Obviously, the implementation of our supposed economic science has been made evil by such neglect of both the good of the majority, and its predatory effect on our environment, and to such an extent as to be able to say that we do have not a sustainable modus vivendi. And the crux of this deception involves, as has been very well analyzed by Federico Aguilera[2], the assumption that the economy works as a closed system - being that in nature all the processes occur in open systems.

We can dispense with the human impact of commercial transactions in our economic analysis, but only by ignoring the catastrophic consequences that are already becoming apparent to the public without even resorting to Wikileaks. But this deception, through which a set of rational statements is proposed as valid and efficient regardless of its results, like the controversies of technology and of scholastics before the emergence of science and empiricism, can be conceived in turn as part of a more comprehensive deception, by which we pretend that our rational and instrumental intellect is more valid than the intellect that sits in the other half (right) of our brain, whose function is not rational but intuitive, and which allows us to see things in their context.

Iain McGilchrist, who has offered the most complete synthesis of what has come to be known of our cerebral hemispheres, has argued[3] that we have virtually lost contact with the information from our right hemisphere, in view of the growth of technological culture, and he has compared the phenomenon with an arrogant imposture of our “sinister“ hemisphere, which originally was only a servant of our mind, to deal with corresponding details.
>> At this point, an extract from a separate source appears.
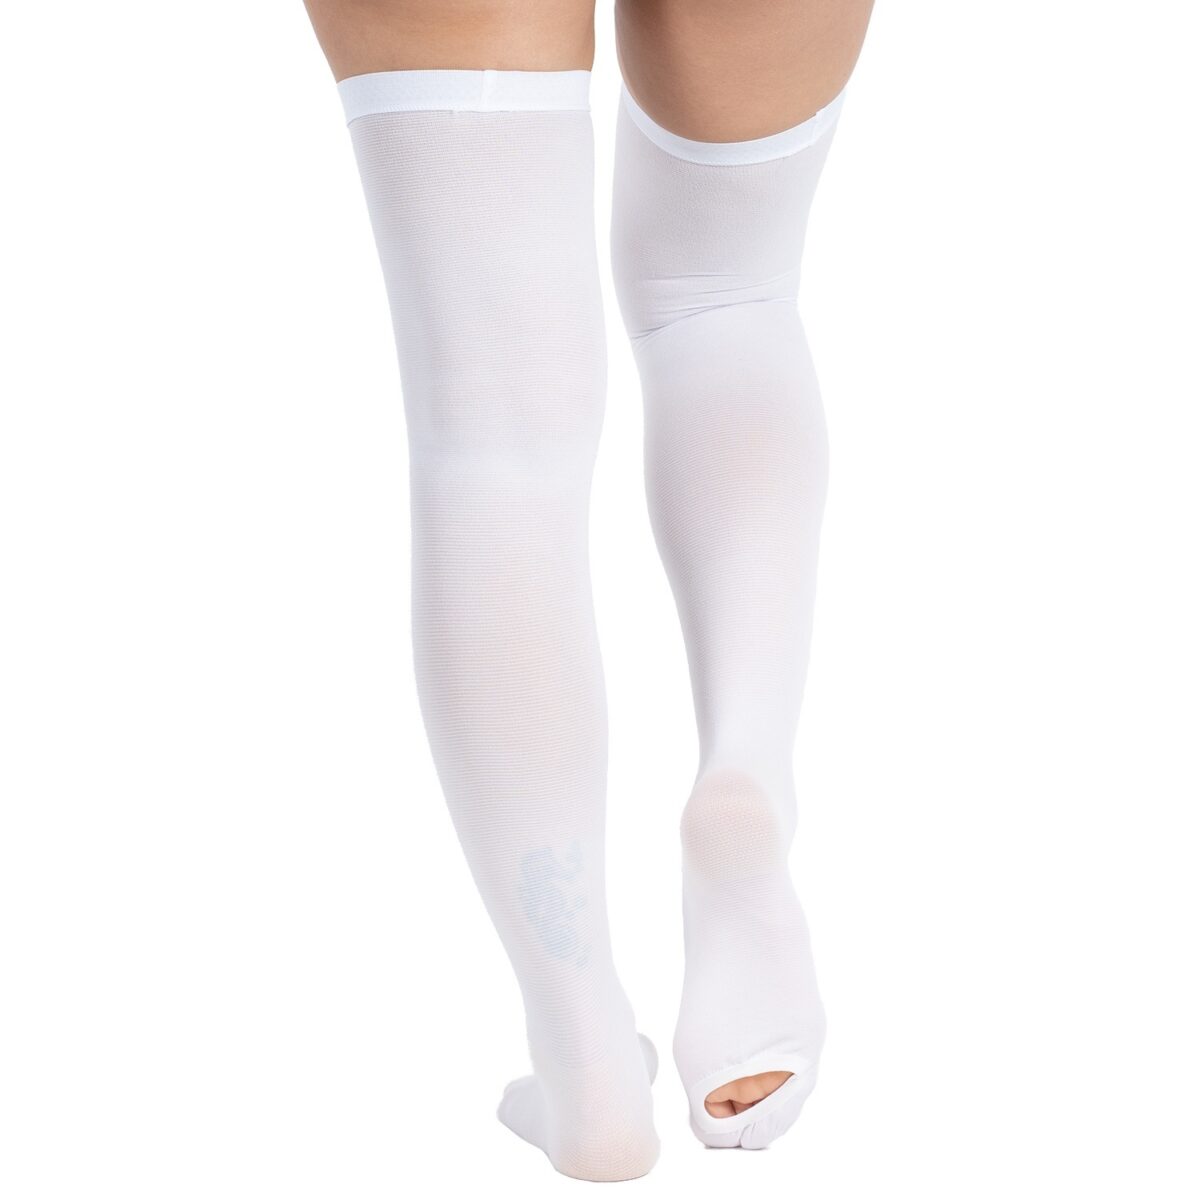 wingmed orthopedic equipments W1320 anti embolism stockings thigh high pair 21

In other words: our instrumental mind, growing proud (in view of its power over the environment) of its ignorance and its indifference to its lack of values, has been proclaimed mistress of truth, and this has legitimized its own hegemony.

From this point of view, naturally, we should aspire as much to a more exact economic science as to a synthesis between understanding and philanthropy, as in the case of medicine, which at least is supposed to include both science and art in the will to heal.

Notes

[1] The first step in the transformation of money into value was recently analyzed by Felix Martin in her book Money, who attributes such erroneous perception to the 2008 crisis.

[2] Federico Aguilera Klinck. "Sobre la deshumanización de la economía y de los economistas" in “Para una rehumanización de la economía y la sociedad“ (coordinated by Aguilera)—Mediterráneo Económico 23.

[3] Iain McGilchrist. The Master and His Emissary: The Divided Brain and the Making of the Western World. Yale University Press. 2009.